Définition fournie par l'UIMLA
Selon le Ministère de la Jeunesse et des Sports, les Accompagnateurs en Montagne en exercice sont environ 3500. Depuis 1978, ce sont plus de 9000 professionnels qui ont été diplômés.
En France, les Accompagnateurs en Montagne sont titulaires d'un brevet d'Etat d'Alpinisme, Accompagnateur en Moyenne Montagne.
La formule "Accompagnateur en Montagne" a été déposée par le SNAM en 1989.
Diplôme, à ce jour, de niveau IV (baccalauréat), les Accompagnateurs en Montagne sont des éducateurs sportifs et des enseignants.
La France est le pays où la profession d'Accompagnateur en Montagne a été le plus anciennement codifiée.
Dans les années 60, l'attrait pour la
montagne et la
randonnée est incontestable.
Ici et là, des gardiens de refuge, des religieux, des travailleurs sociaux, des hébergeurs, des agriculteurs et des éleveurs accueillent ce nouveau public présent en montagne estivale et qui ne pratique pas particulièrement l'alpinisme.
A cette nouvelle demande touristique, sportive et culturelle, la réponse s'effectue à l'interne d'une profession naissante qui s'organise dès le début des années 70 avec l'Union Nationale des Accompagnateurs en Montagne.
L'UNAM et d'autres associations indépendantes organisent les premières formations professionnelles, plus ou moins en lien avec l'administration de la Jeunesse et des Sports mais toujours avec des guides de haute montagne.

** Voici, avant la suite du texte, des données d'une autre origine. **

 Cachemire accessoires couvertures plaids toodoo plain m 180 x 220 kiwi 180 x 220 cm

En 1974, l'UNAM est présidée par Jacques CADIER qui entretient d'excellentes relations avec Paul KELLER, président du
Syndicat National des Guides de Montagne à cette époque.

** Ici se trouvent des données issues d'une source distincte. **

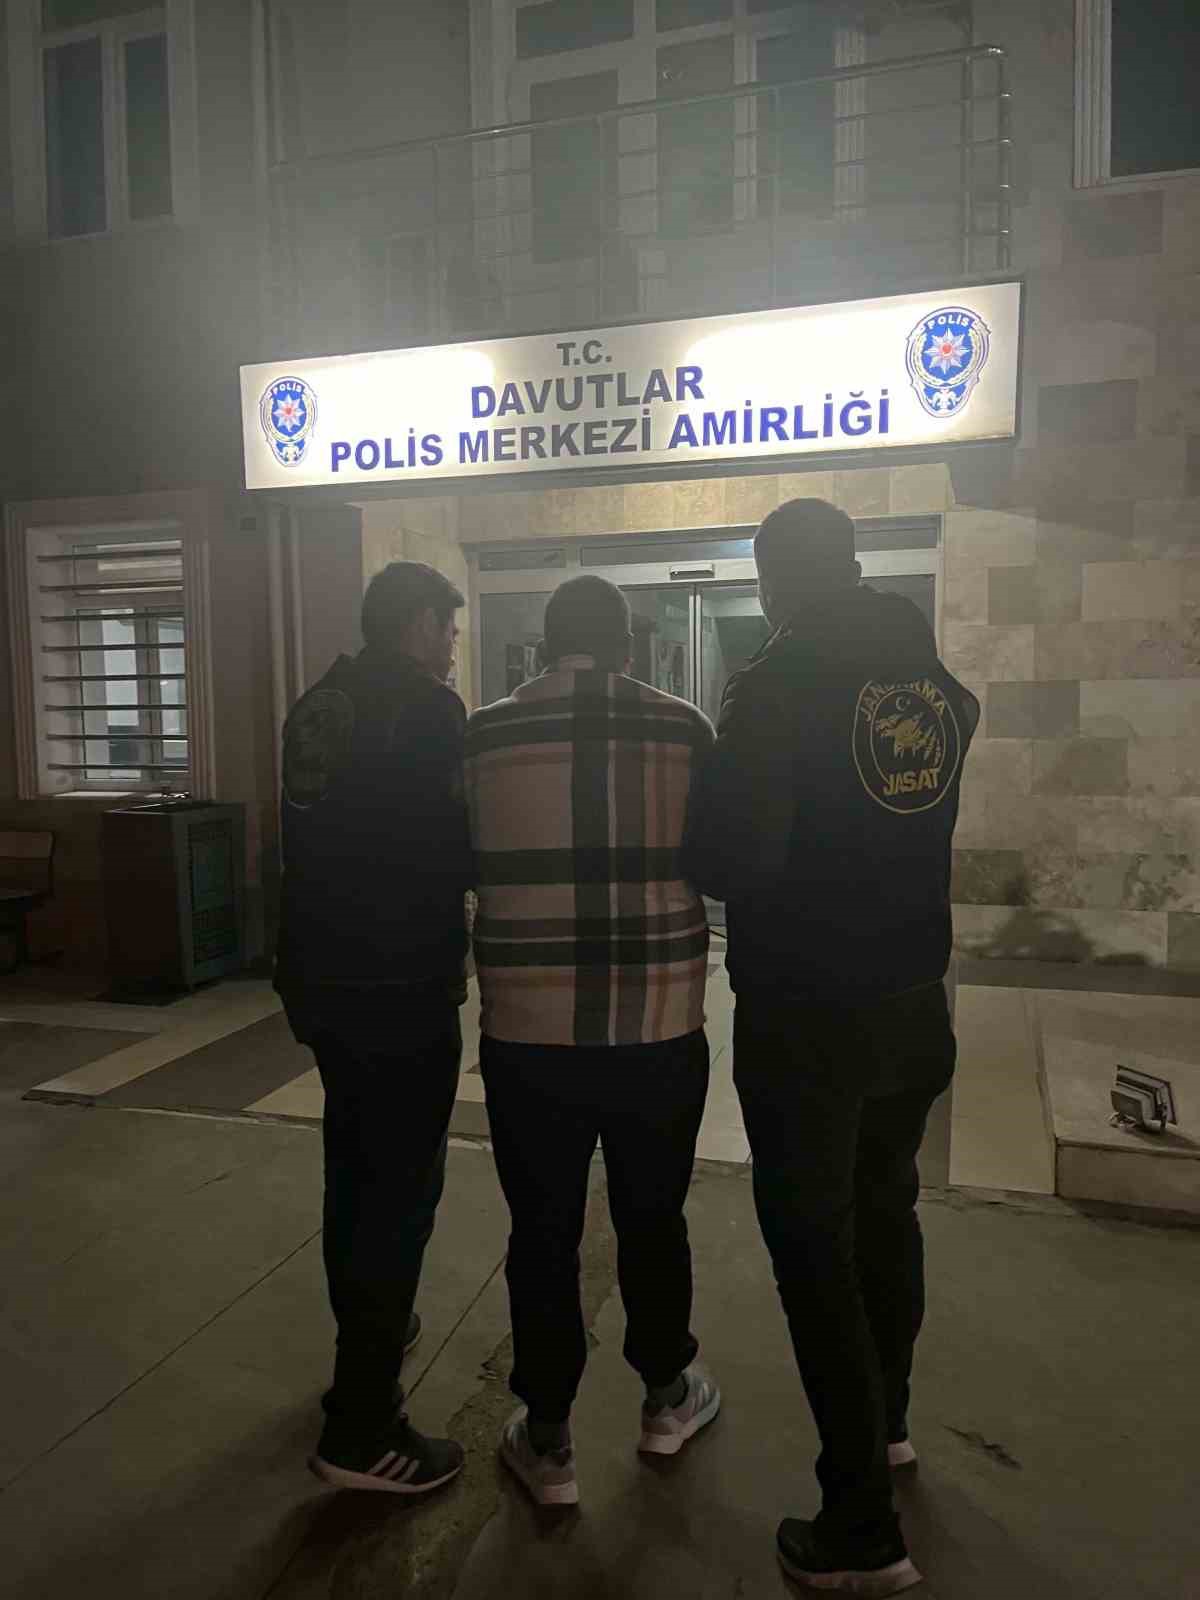 Burdur’da asayiş uygulamalarında yakalanan 13 firari hükümlü cezaevine gönderildi

Jacques CADIER et Paul KELLER obtiendront en quelques années une avancée non négligeable : la prise en compte par l'administration de la Jeunesse et des Sports de la nécessité de mettre en place un diplôme d'État dans la filière de l'alpinisme certifiant que son titulaire assure la sécurité de ses clients en montagne lors des activités de randonnée.

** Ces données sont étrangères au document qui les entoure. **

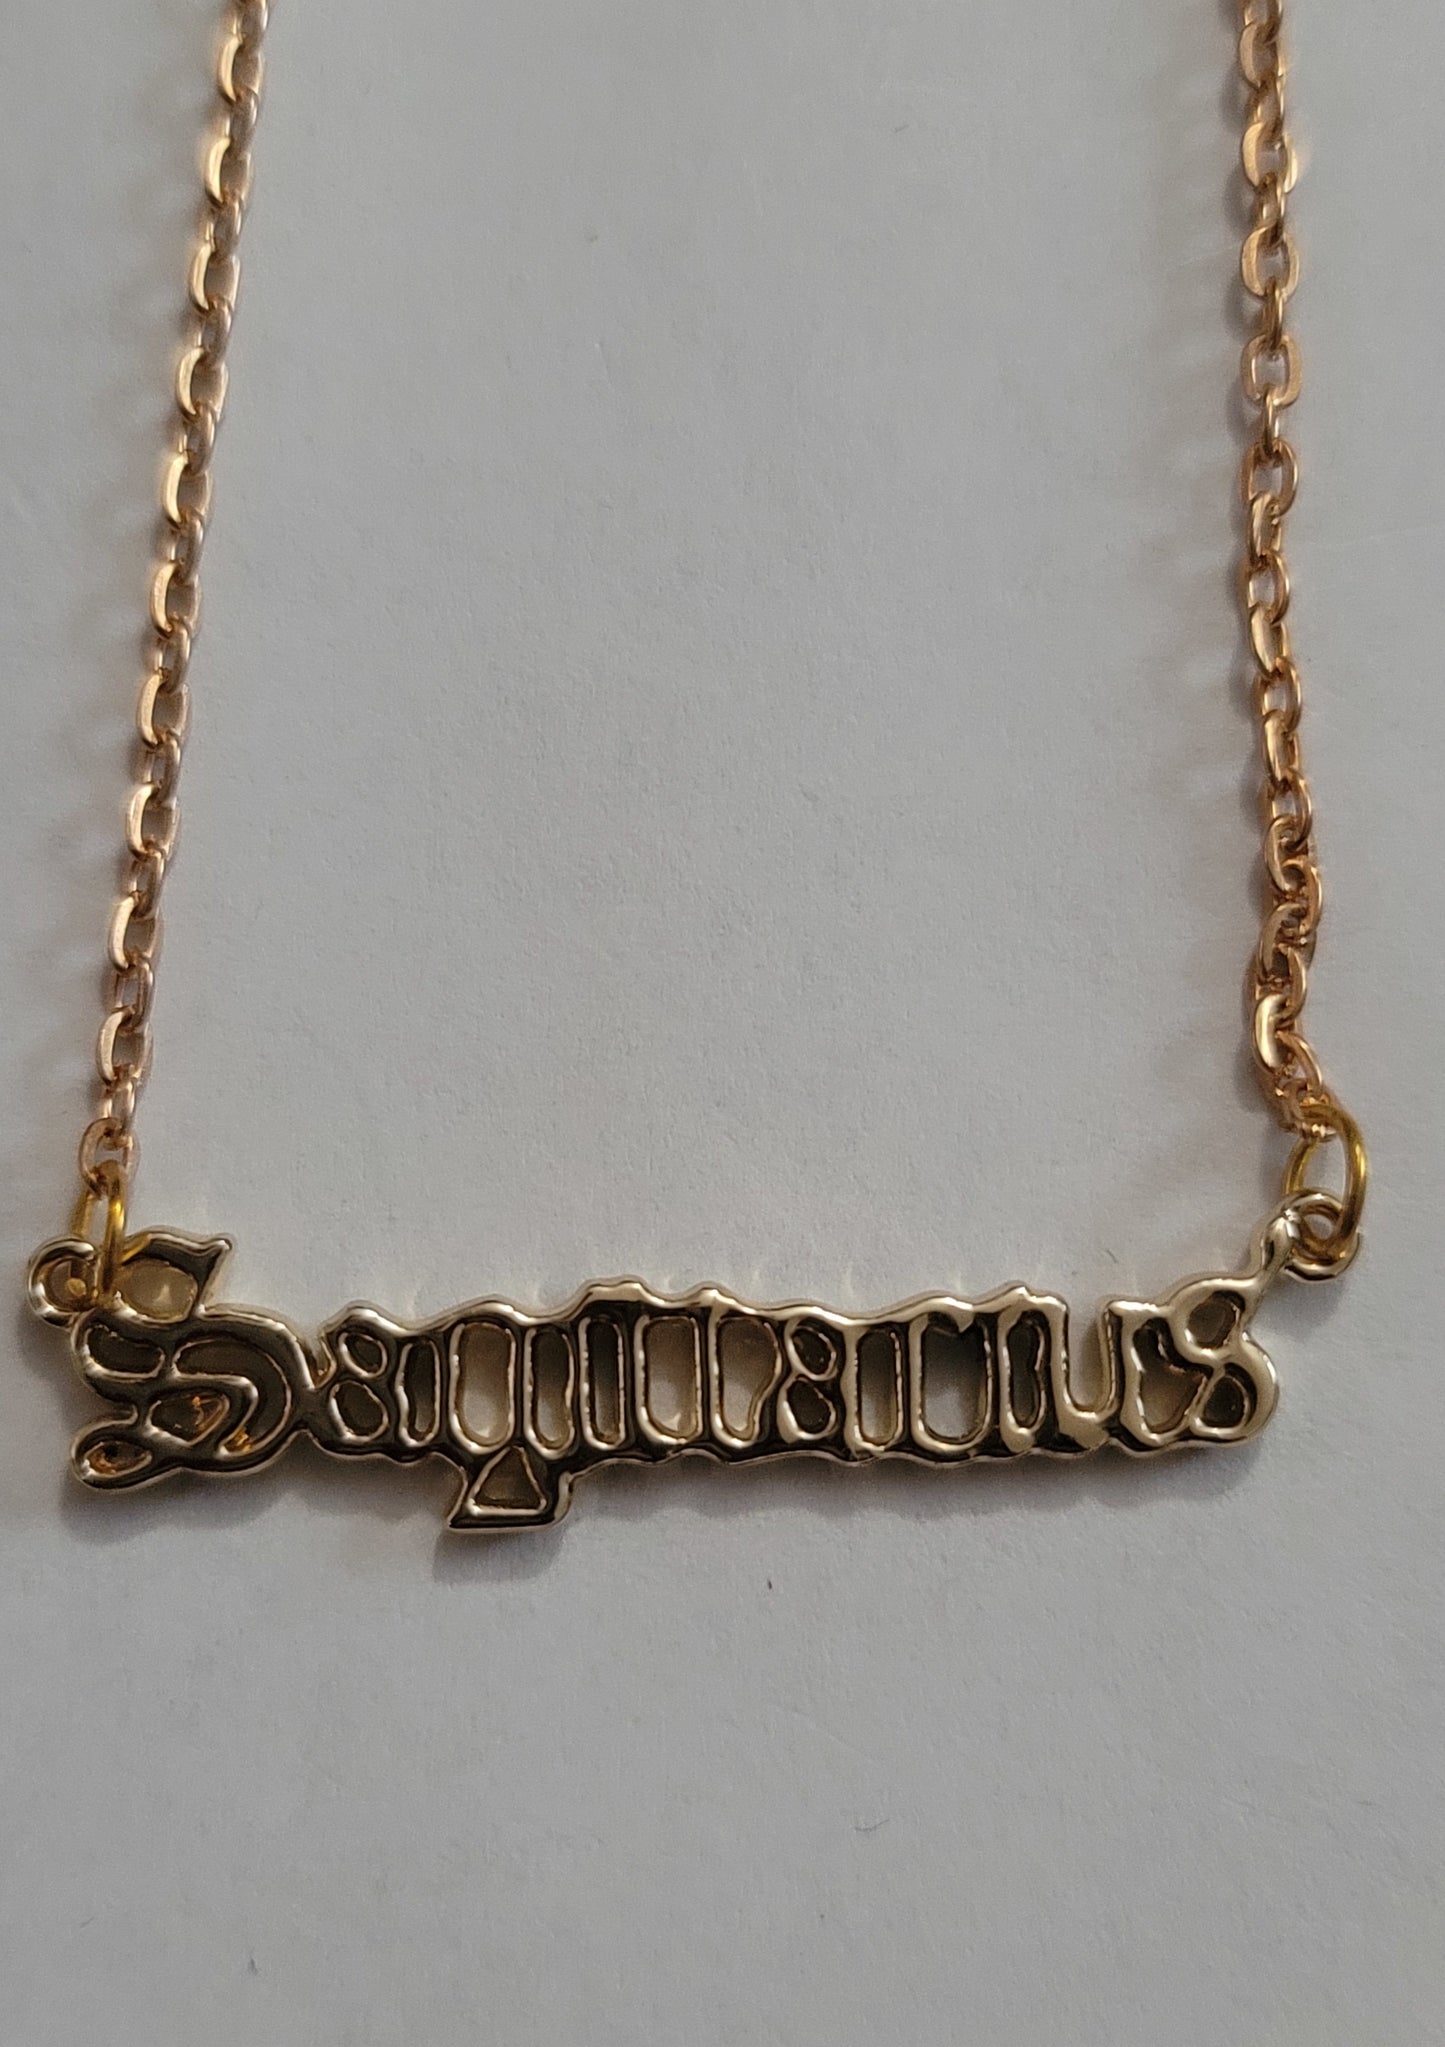 Gold Sagittarius Pendant Necklace

Le décret instituant la profession, proposé par Pierre MAZEAUD, Ministre de la Jeunesse et des Sports est publié en 1976.
Le premier examen probatoire sera organisé en 1978 et des autorisations d'exercice seront délivrées pour les professionnels qui exerçaient précédemment dans le cadre de l'UNAM.
L'organisation de la profession y est plus ancienne que son officialisation par le gouvernement. La première organisation, de mode associatif est l'Union Nationale des Accompagnateurs en Montagne, fondée au début des années 70. En 1979, l'UNAM est remplacée par le
Syndicat National des Accompagnateurs en Montagne (SNAM)
Depuis 1979, le S.N.A.M. est l'organisation professionnelle la plus représentative et, à ce titre, est l'interlocuteur officiel des pouvoirs publics nationaux, régionaux, départementaux et locaux.
Le S.N.A.M. est un syndicat professionnel (Loi française de 1884) dont le siège est aujourd'hui fixé à Chambéry (Savoie).
Dirigé par un bureau exécutif de 10 membres et administré par un comité directeur de 40 membres, le SNAM a pour missions la représentation et la défense de la profession, son évolution règlementaire, son cadre d'exercice.
Le SNAM est également organisé au niveau territorial en 22 sections départementales ou de massif, chacune dirigée par un bureau exécutif et administrée par un comité directeur.
Aux côtés du SNAM, deux autres associations complètent le dispositif :
L'
Association Nationale des Accompagnateurs en Montagne (AEM), fondée en 1987 a en charge la communication externe, la promotion, les relations presse, les partenariats avec les entreprises, l'organisation d'actions et d'évènementiels.
Le
Centre de Formation des Accompagnateurs en Montagne (CFAM), fondé en 1997 a en charge la formation continue volontaire des professionnels de la montagne (Accompagnateurs en Montagne, Guides de Haute Montagne, Moniteurs de Ski, Pisteurs-Secouristes) et la mission de service public du recyclage obligatoire des professionnels.
Cette mission confiée en 2003 au CFAM s'effectue dans le cadre d'une tutelle de l'Ecole Nationale de Ski et d'Alpinisme.